GATA: Yeah, it’s definitely a lot of pressure, but number one, first and foremost, it’s a blessing. Then number two, you gotta question yourself, and think, like, “Dang, am I that good?” Like, “I gotta scene with Brad Pitt!” So it makes you feel like, “Okay, I gotta be on my A-game,” you know? You gotta really be focused, you know what I’m saying? But, you really just gotta soak it in and really appreciate it. Like, I did the scene, and then right now it’s just basically started to hit me, like, “Yeah, I really got a scene with Brad Pitt.” You know how people run up on George Clooney, and they’ll be like, “So George Clooney, how was it, man, working with Brad?” They could ask GaTa, “How was it working with Brad?” now. So I just feel like I’m in that level of conversation, and I owe it all to my brother, LD, man. It’s just a great feeling, man. Even when I be around LD, I just be thinking, like, “Man, this is amazing, man.” So it’s gonna be something I definitely remember forever. It’s gonna be something that’s gonna help my career, and I appreciate you, LD. Thanks, man, that was dope.
BURD: Of course. And let me just say, as the guy who edits the footage and sees all the takes and the dailies, even watching GaTa in between takes, like his excitement level, he was so happy. I could see it. And Brad honestly did that to the entire crew. When he was on set you could just feel it; everyone was walking with such a sense of purpose, and I really feel like, you know, there’s a lot of people that go into making this show, and I think everybody at their core loves storytelling and loves cinema, and they’ve been working for years in this industry, working on things. And when you’re working on something that has, like, the biggest star in the world at it on your set, it really instilled a sense of purpose, and I think everyone was challenged to be like, “We gotta bring our absolute A-game for Brad.”
The thing about this season is, you’ve raised the bar so high in terms of guest stars, and everything about the season was so good. Where do you go in the next season? Have you already started thinking about it?
BURD: I understand the question, but I am not concerned because, yes, I have thoughts, I’ve been thinking about it… I feel like even though it’s different scales every time, after Season 1, I felt like, “Man, what a finale,” like, “Where do we go from here? How do we beat them?” And I remember when we made the Season 2 finale, I was like, “Man, we’re up against the shadow of the Season 1 finale, how are we gonna top what we did?” And then this season is the same deal. It’s like, we’ve set such a precedent for season finales being like these epic conclusions of the whole season in a dramatic, unpredictable way, and we topped it again.
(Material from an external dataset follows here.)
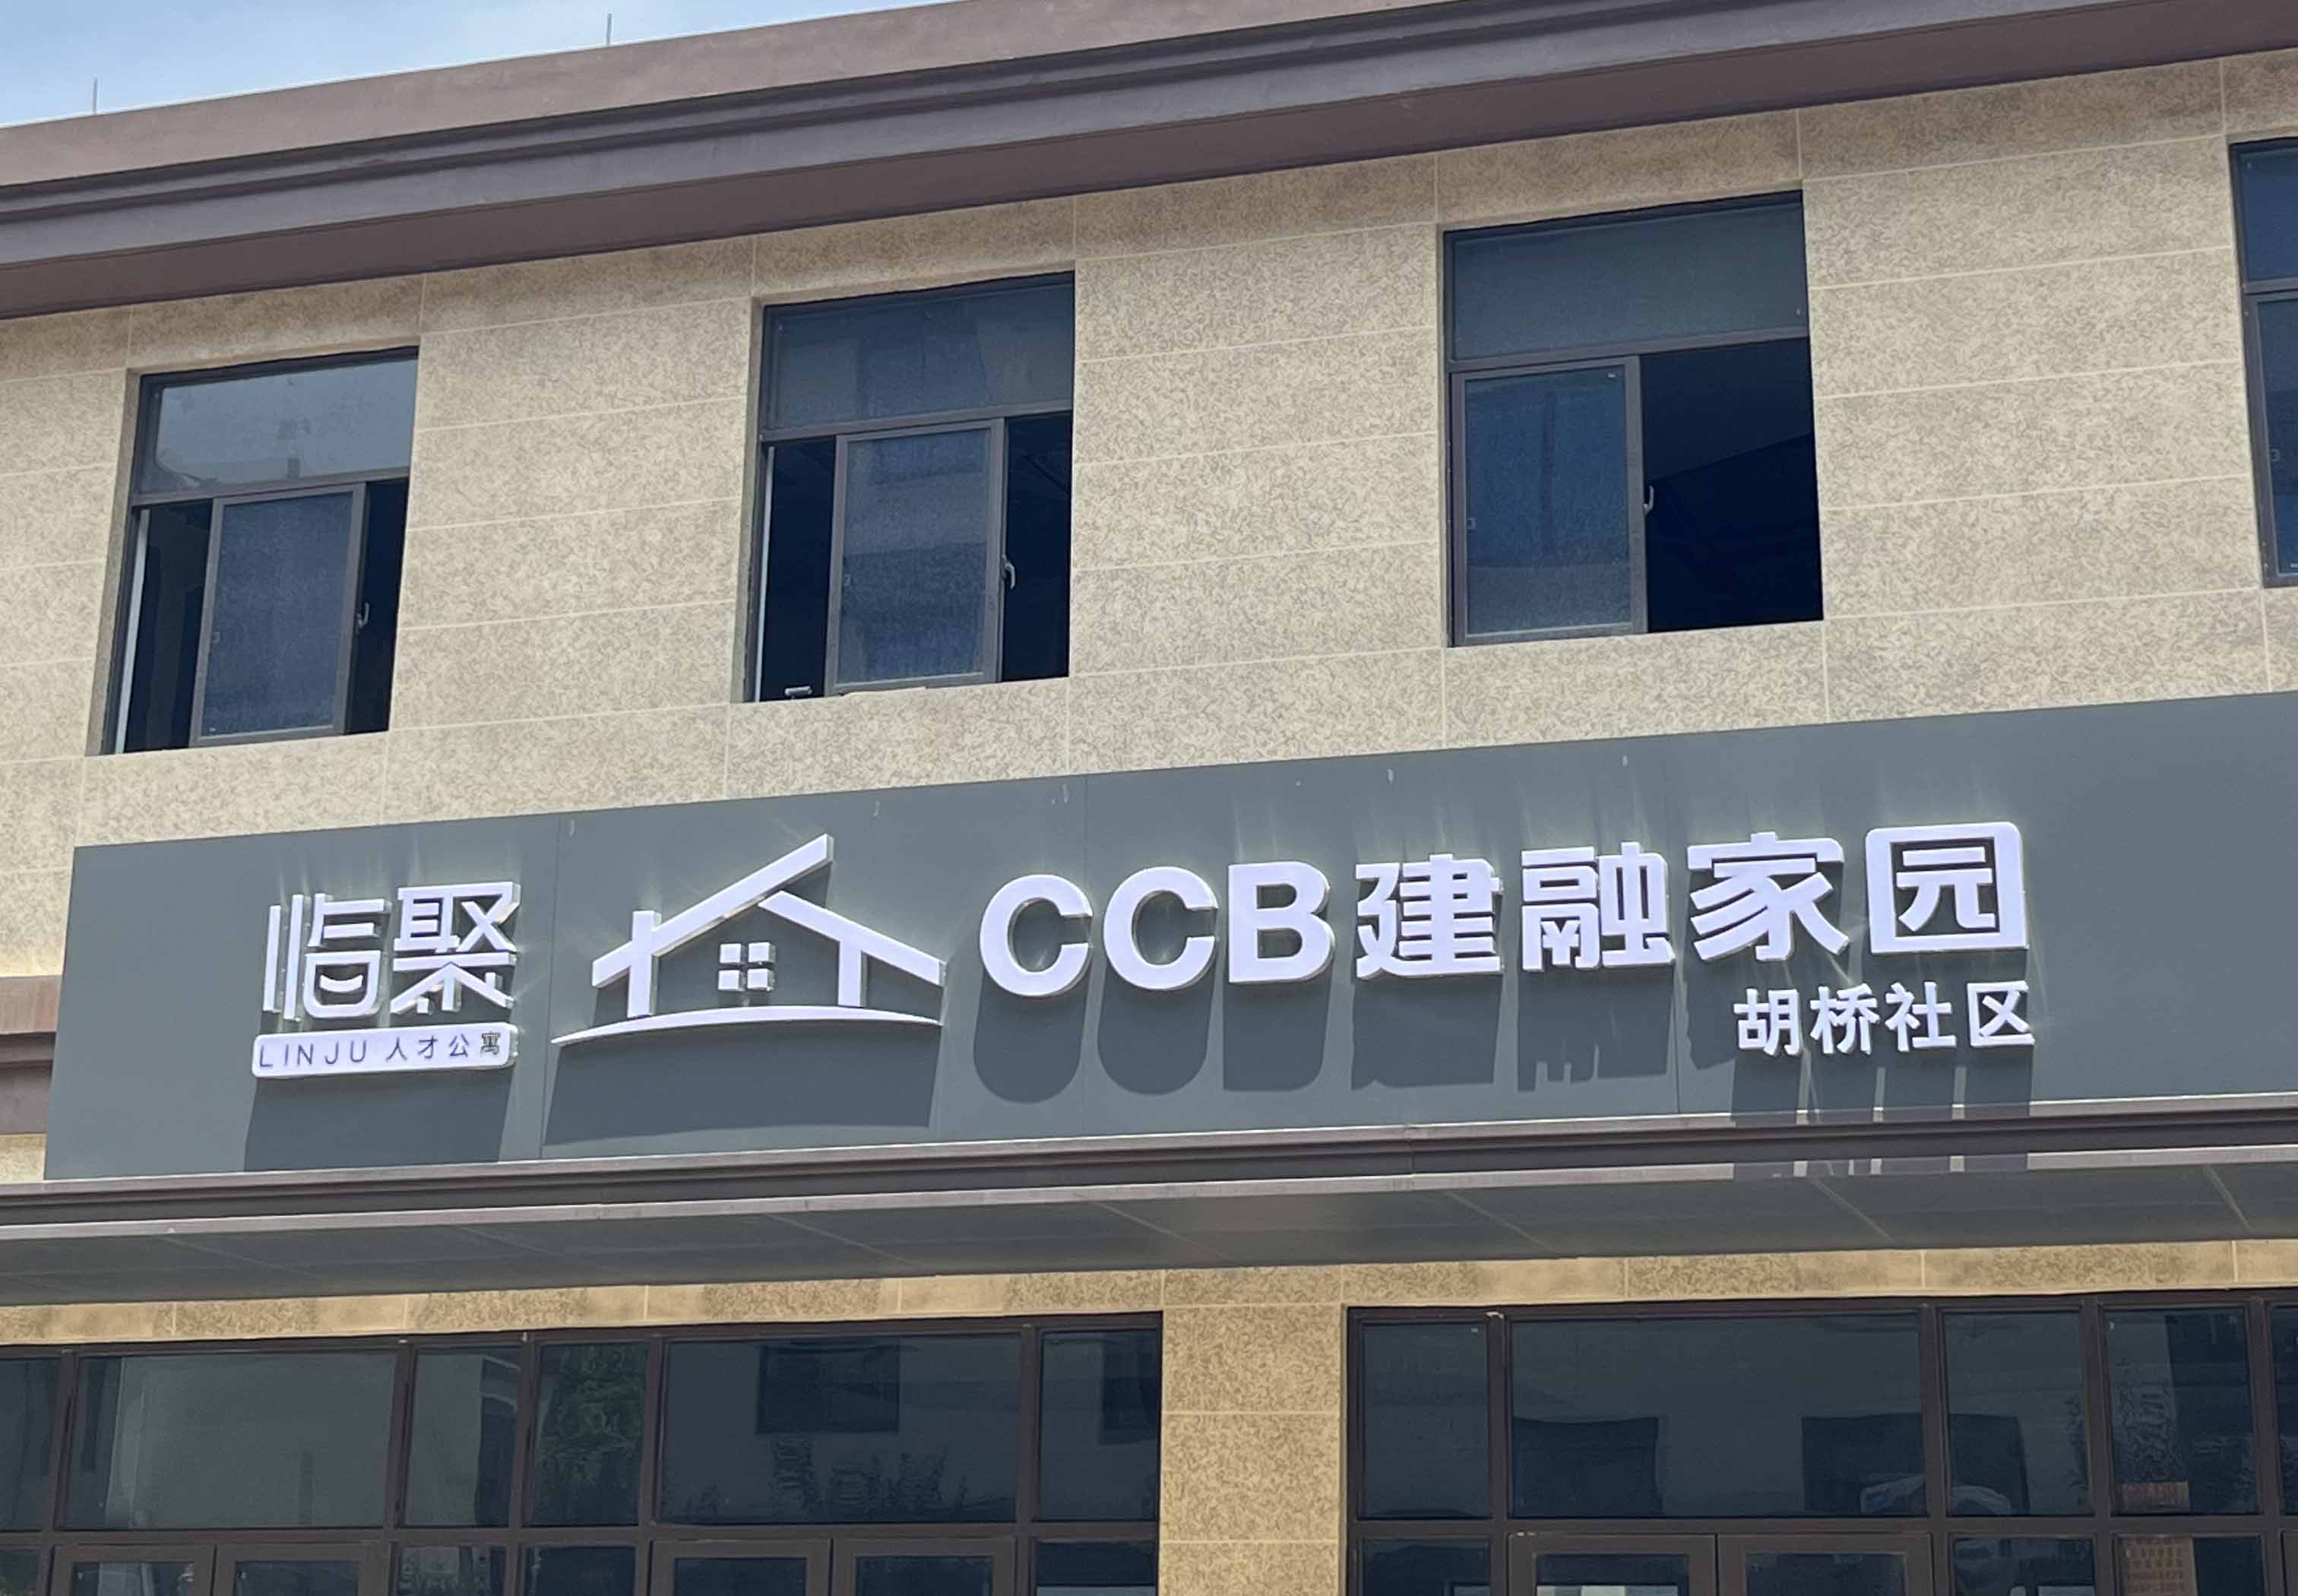 租赁住房模式新探索 | 全民认证智能门锁为杭州胡桥社区管理赋能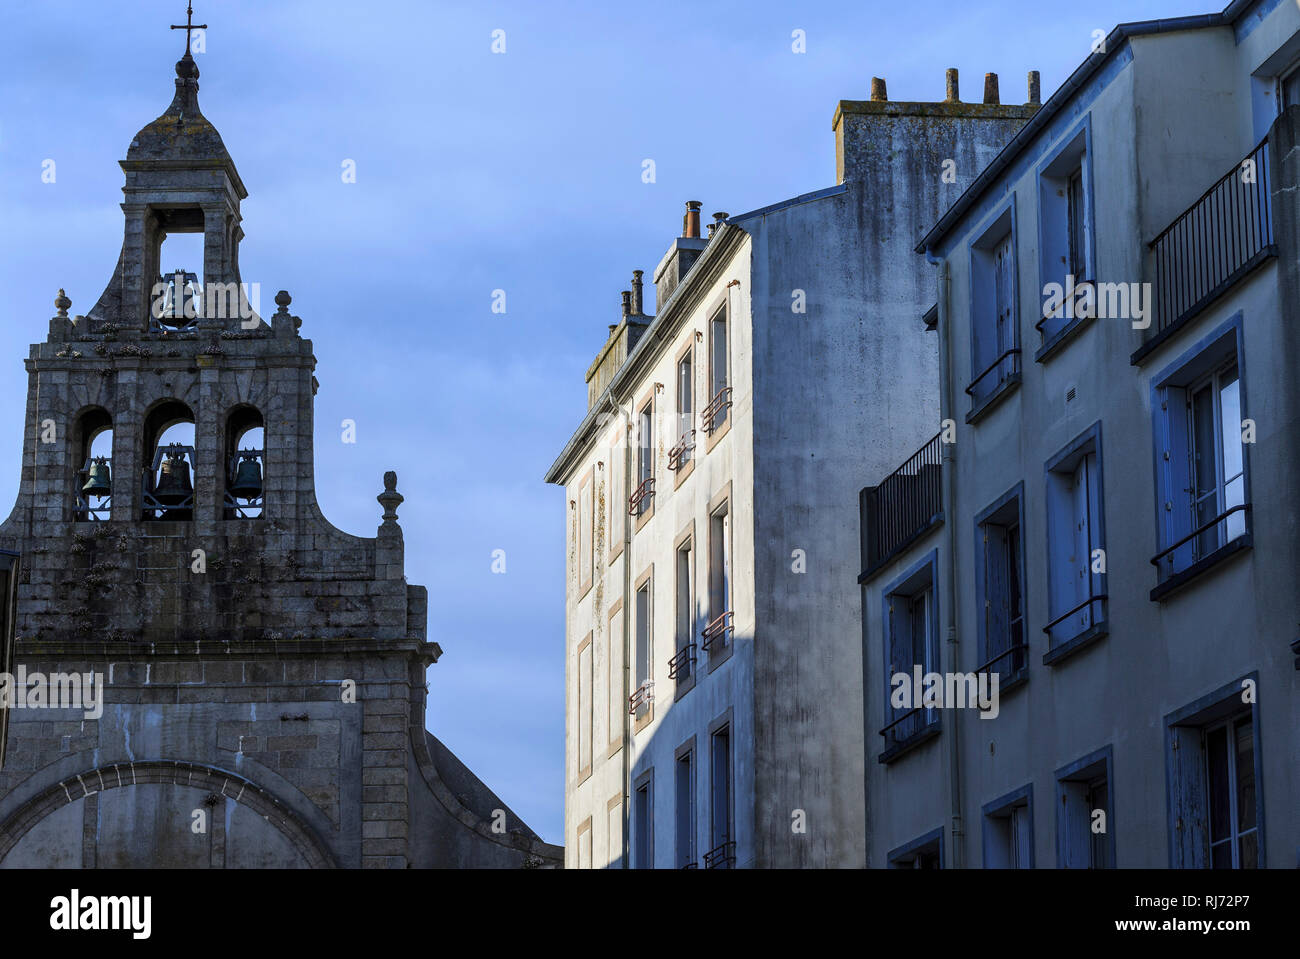 Europa, Frankreich, Bretagne, Brest, "Eglise Saint-Sauveur' und bescheidenes Wohnhaus Foto Stock

Yes, we have Brad Pitt, Drake, Rachel McAdams, they are the absolute mountain top of what they represent for the industry, but it’s not all about celebrities. There are plenty of other celebrities that have not been in the show that are at their own respective mountain tops that I would love to get in the show, and I have a lot of really great ideas for where to go next.
I’m just going to say, and I really mean it sincerely, I love the show and I really appreciate what you guys do and I wish you nothing but the best.
BURD: Thank you, and give a shout-out to Tania, the woman, the stalker, because she killed that episode. I know that Drake and Brad… but she was like a force.
Listen, it doesn’t work without an antagonist. I love the finale, and again, love the season. I could keep going, but I’m just going say good luck with the rest of your interviews.
BURD: Thank you, and put it all on the written piece! I appreciate you as always.
All three seasons of Dave are available to stream on Hulu.